I was on BBC Radio 5Live last week talking about the new polymer £20 note – I know, get me right?
A previous claim to fame in this regard was an appearance on BBC Radio Essex a while back where the conversation involved the weighty issue of till receipts – again, get me.
What both of these encounters had in common was that part of the conversation revolved around ”will people still use receipts/banknotes [delete as applicable] in the future?”
This is an entirely reasonable thing to ask as undoubtedly some high-profile printed products are very much in decline – newspapers being the obvious item that springs to mind.
Given the way that contactless payments have taken off here in the UK it’s understandable to question what will happen with banknotes. But the Bank of England’s stats show that over the last six years the total number of banknotes in circulation has grown from just over 3bn to nearly 3.8bn.

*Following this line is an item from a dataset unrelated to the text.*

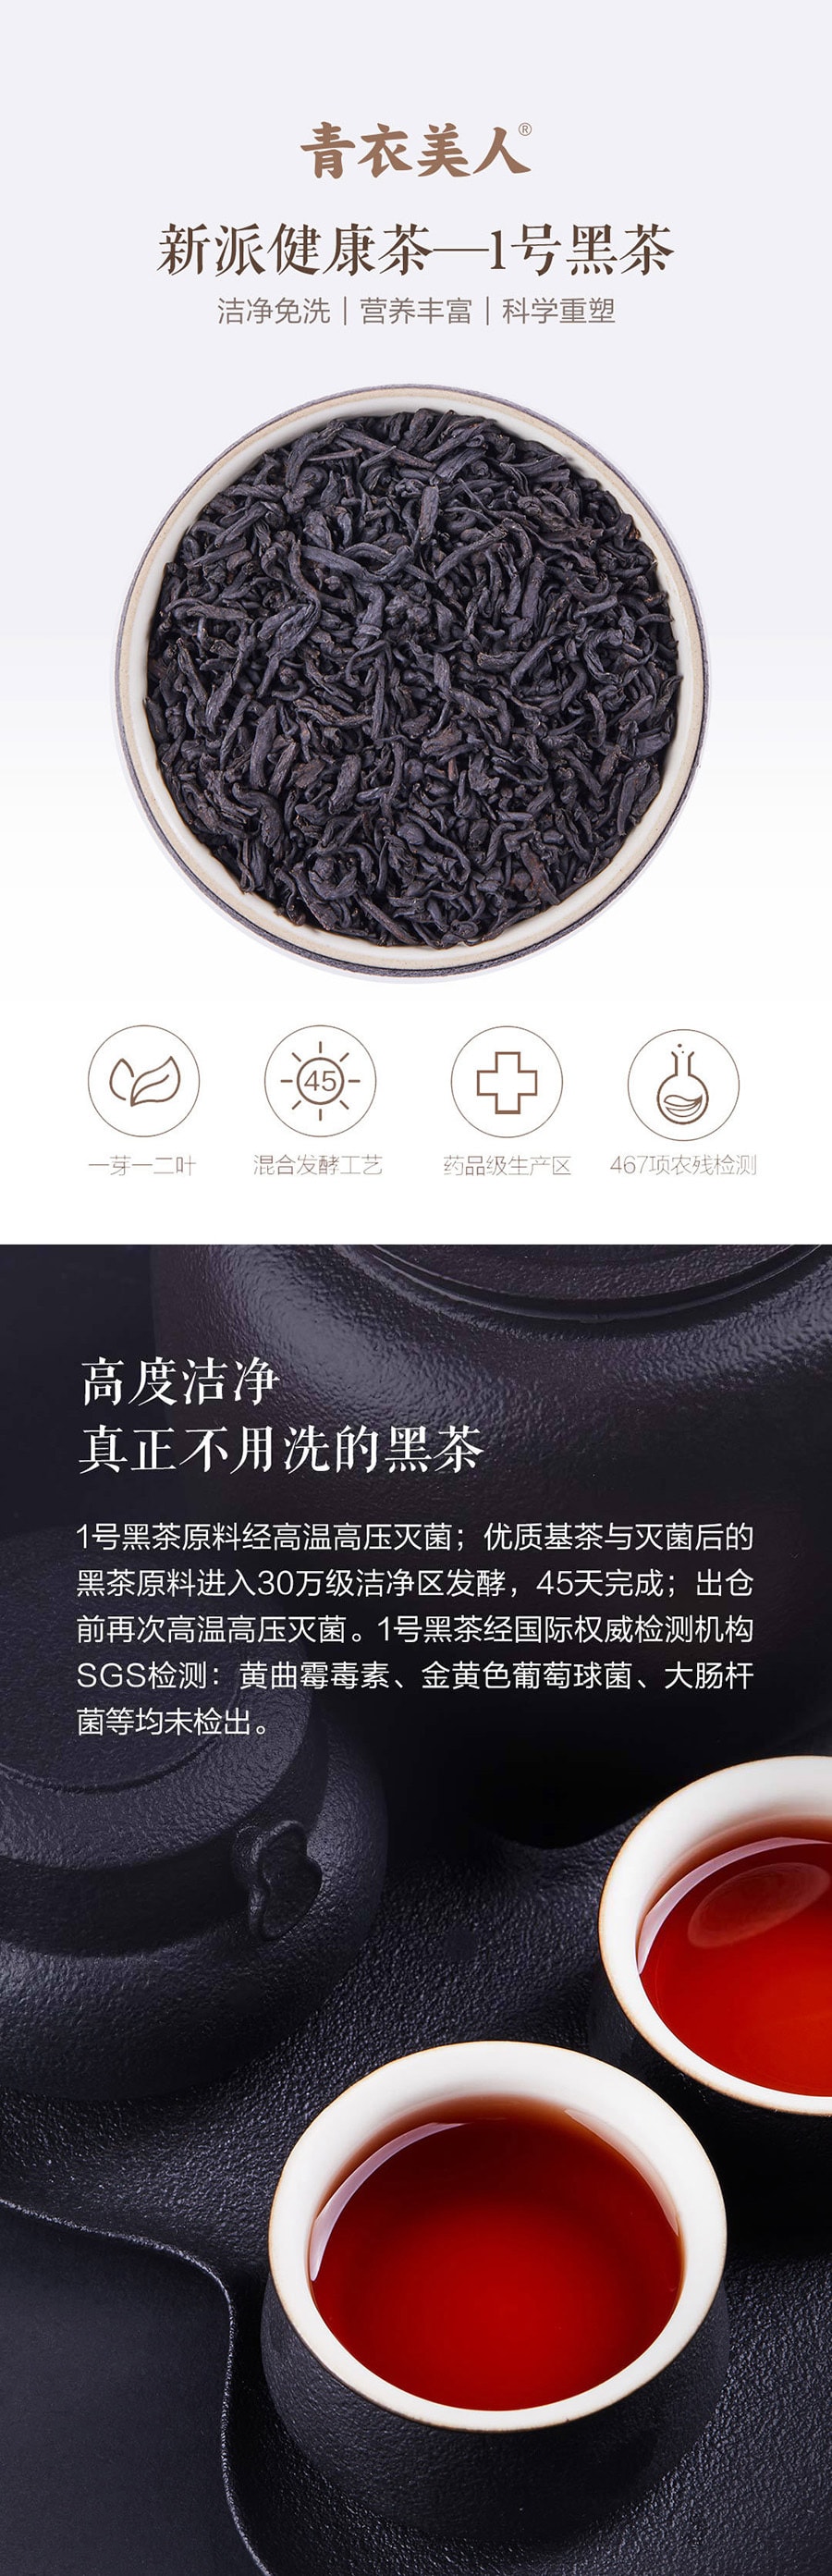 【中国直邮】小米有品青衣美人印象山水系列 ·1号黑茶108g

Whether this is directly connected to the size of the UK’s ‘hidden economy’ (estimated tax gap £3.5bn) I don’t know, but it’s fair to say that lots of people are still using cash in one way or another.
And the Access to Cash people are right when they say if we are going to become a cashless society then that has to be properly planned for, not stumbled into without enough thought about the potential consequences.

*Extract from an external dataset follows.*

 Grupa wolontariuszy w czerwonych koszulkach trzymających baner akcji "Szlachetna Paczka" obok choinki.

And then, there’s till rolls and shopping receipts. The reason this made a radio topic was because at the time Tesco was trialling a new system that involved e-receipts rather than paper ones.
Fine by me. Whether it’s paper statements or paper receipts, if people don’t want them, then we in the printing industry shouldn’t get bent out of shape about it.
What we should get bent out of shape about is people being forced down a particular paperless path, per the excellent work by Two Sides in highlighting that type of thing.
Surely the industry at large will be far better of concentrating on printed items that are valued and impactful, and effective for the end customer (in that respect those till receipt offer vouchers probably count), and new emerging print markets that never even existed before the advent of digital printing technology.
That said, I also have a bit of a ‘last Iceman’ obsession with certain printed products, cheques for example, and was talking to someone only recently who makes a tidy living out of carbonless forms. Remember them?
Even in the face of structural decline in some markets, someone somewhere will be doing very nicely thank-you out of the right type of print. The trick is finding it.